Since there are an almost infinite number of ways to incorporate OnGuard into your
application, designing and implementing a protection scheme may seem very complicated.
The following sections explain some terms and core concepts behind the OnGuard
components in order to provide a basis of understanding.
Codes, keys, and modifiers
An OnGuard code is nothing more than a record consisting of two long integers (8 bytes).

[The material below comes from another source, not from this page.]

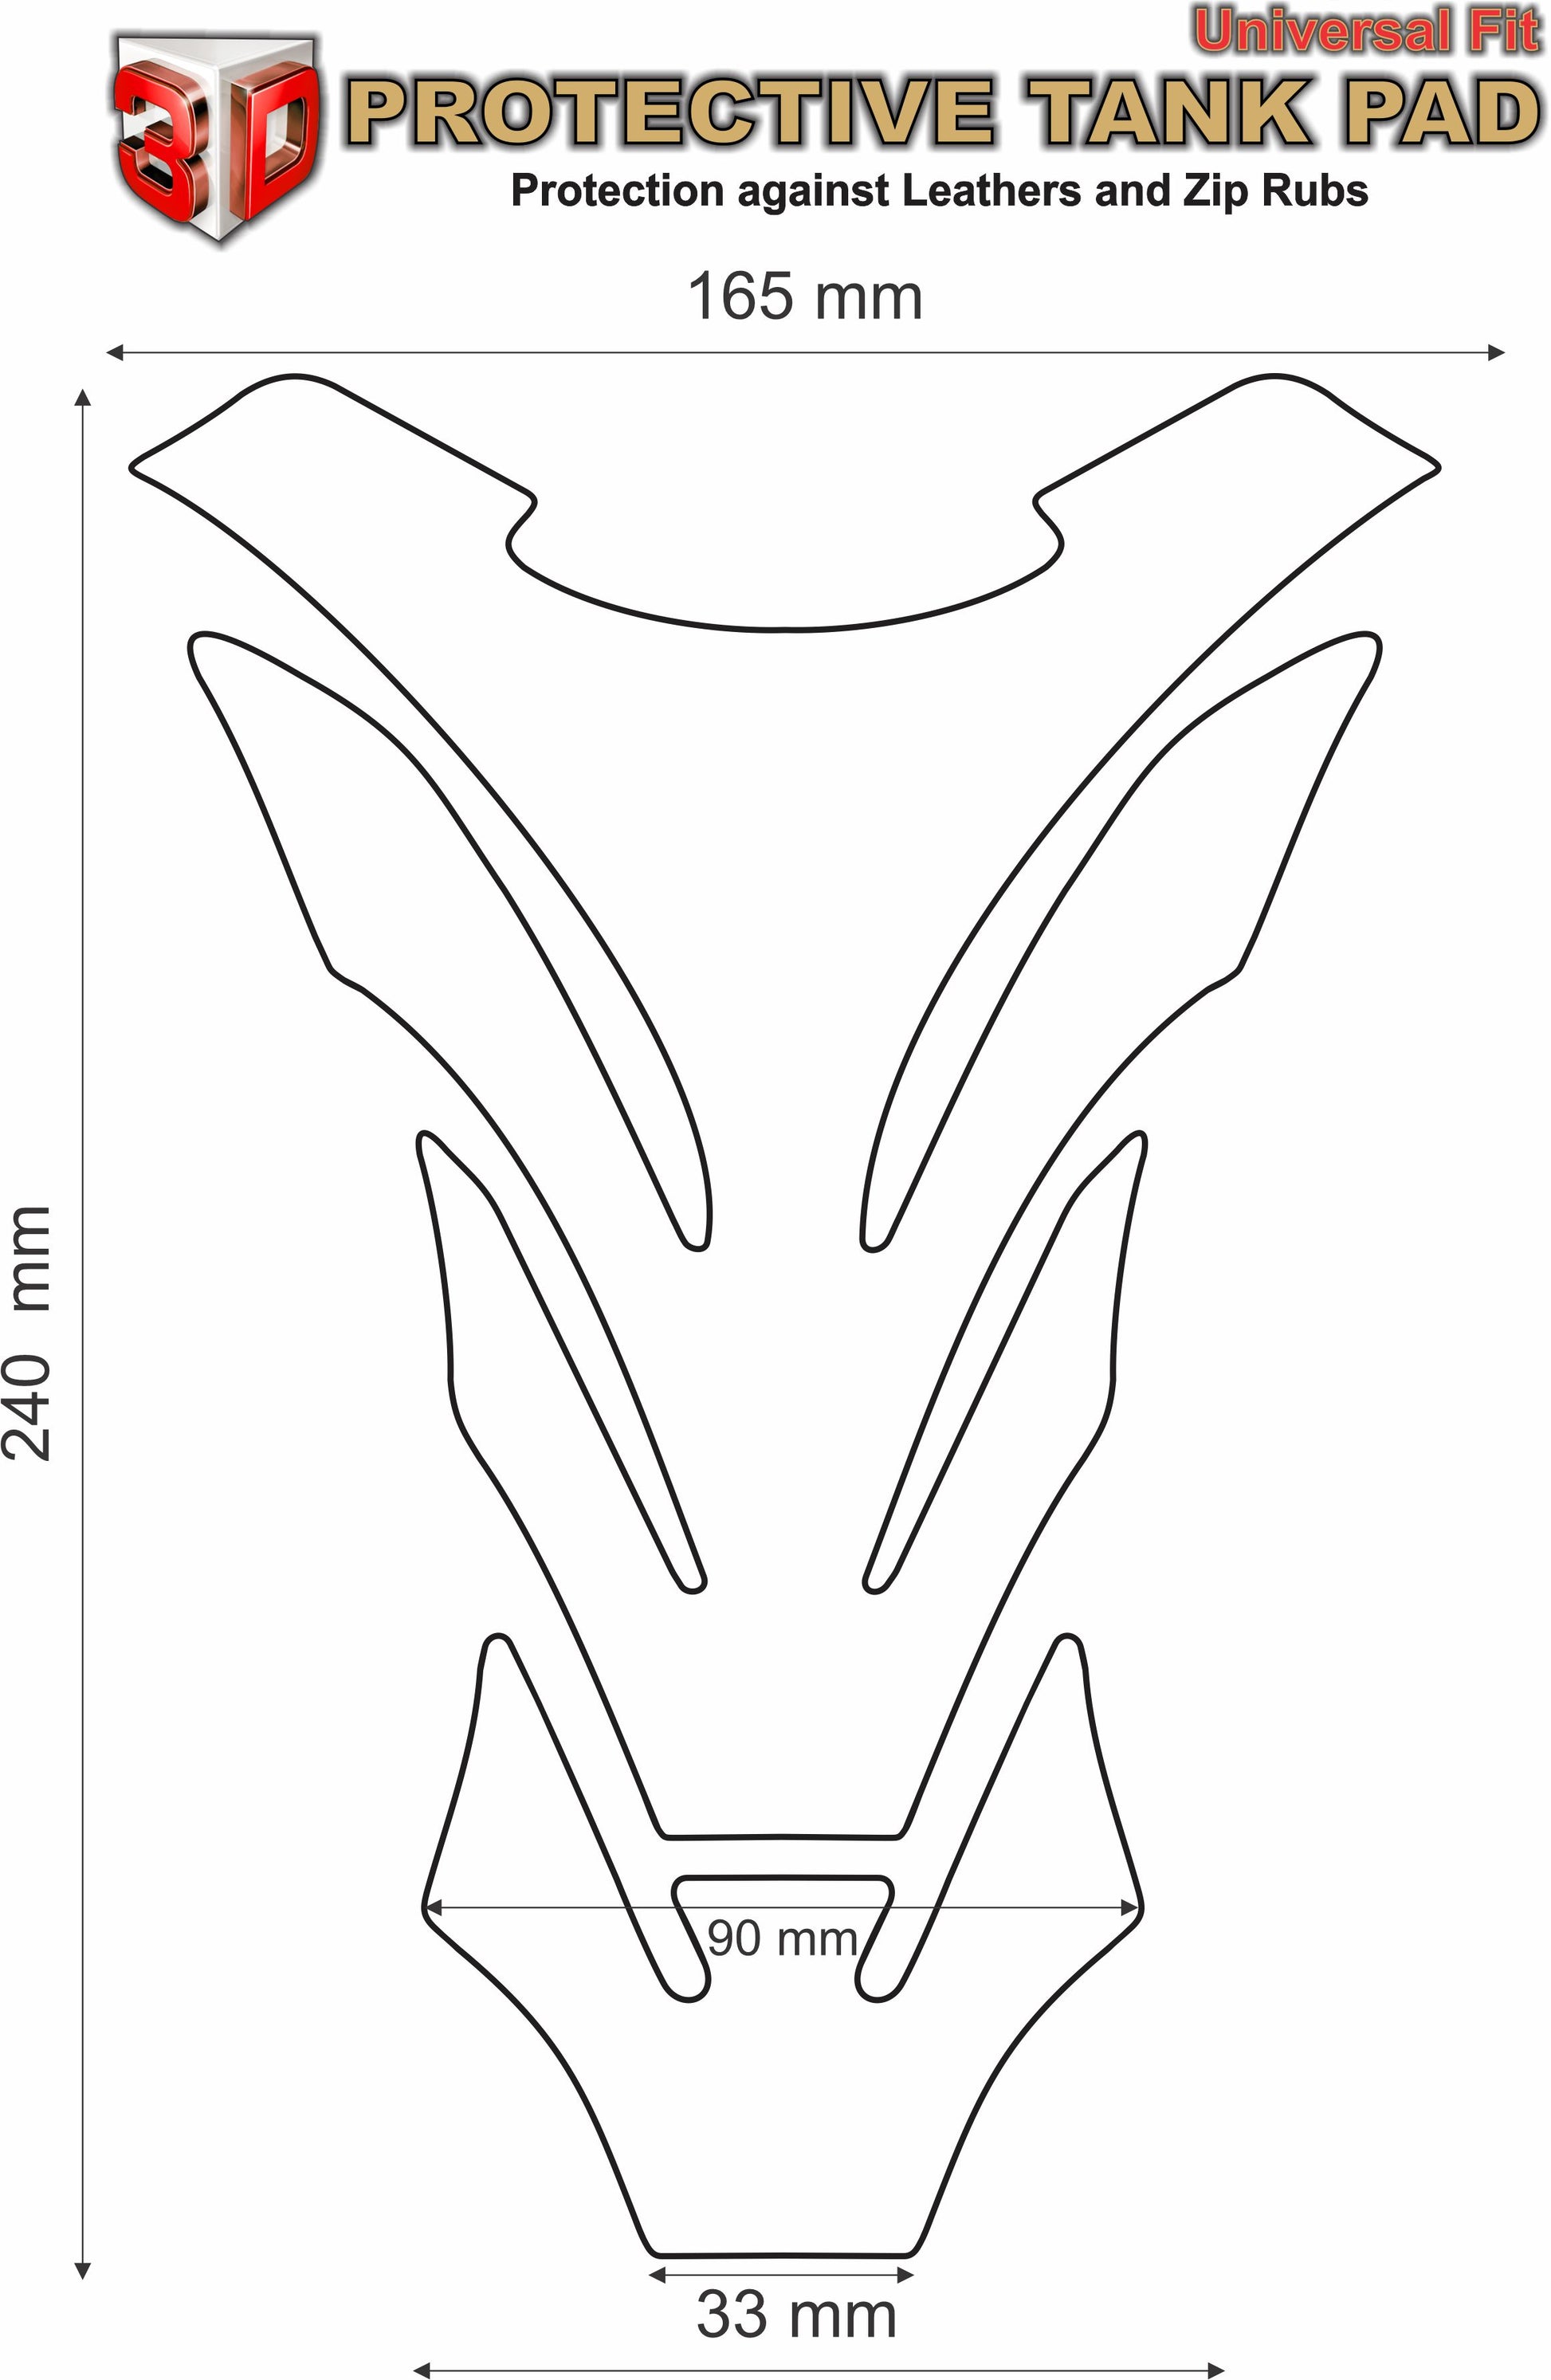 Yamaha MT Series. Black Slim Series Motor Bike Tank Pad Protectors. MT 01. MT 03. MT 07. MT 09. MT 10

The first two bytes of the code identify the type of code. The remaining portion of the code
differs depending on the type of code being used. In most cases the second two bytes
contain a number representing an expiration date (when that date arrives, the code becomes
invalid). The last four bytes are used differently for each of the OnGuard components. One
component will store the number of times an application can be run. Another will store the
serial number of the application. See the description of the particular component for
additional information concerning what data the code contains. To prevent someone from
altering the code, OnGuard requires that all codes are encoded using a key.
An OnGuard key is used to encode (or mask) the contents of the code. A key is much like a
password used to permit access to sensitive information or one used to lock your
computer s screen saver. In fact, OnGuard can create a key from a password (use the
GenerateMDKey method or the GenerateTMDKeyPrim procedure). OnGuard Keys are 16
bytes long and are used to encode the public codes that are used by applications and users.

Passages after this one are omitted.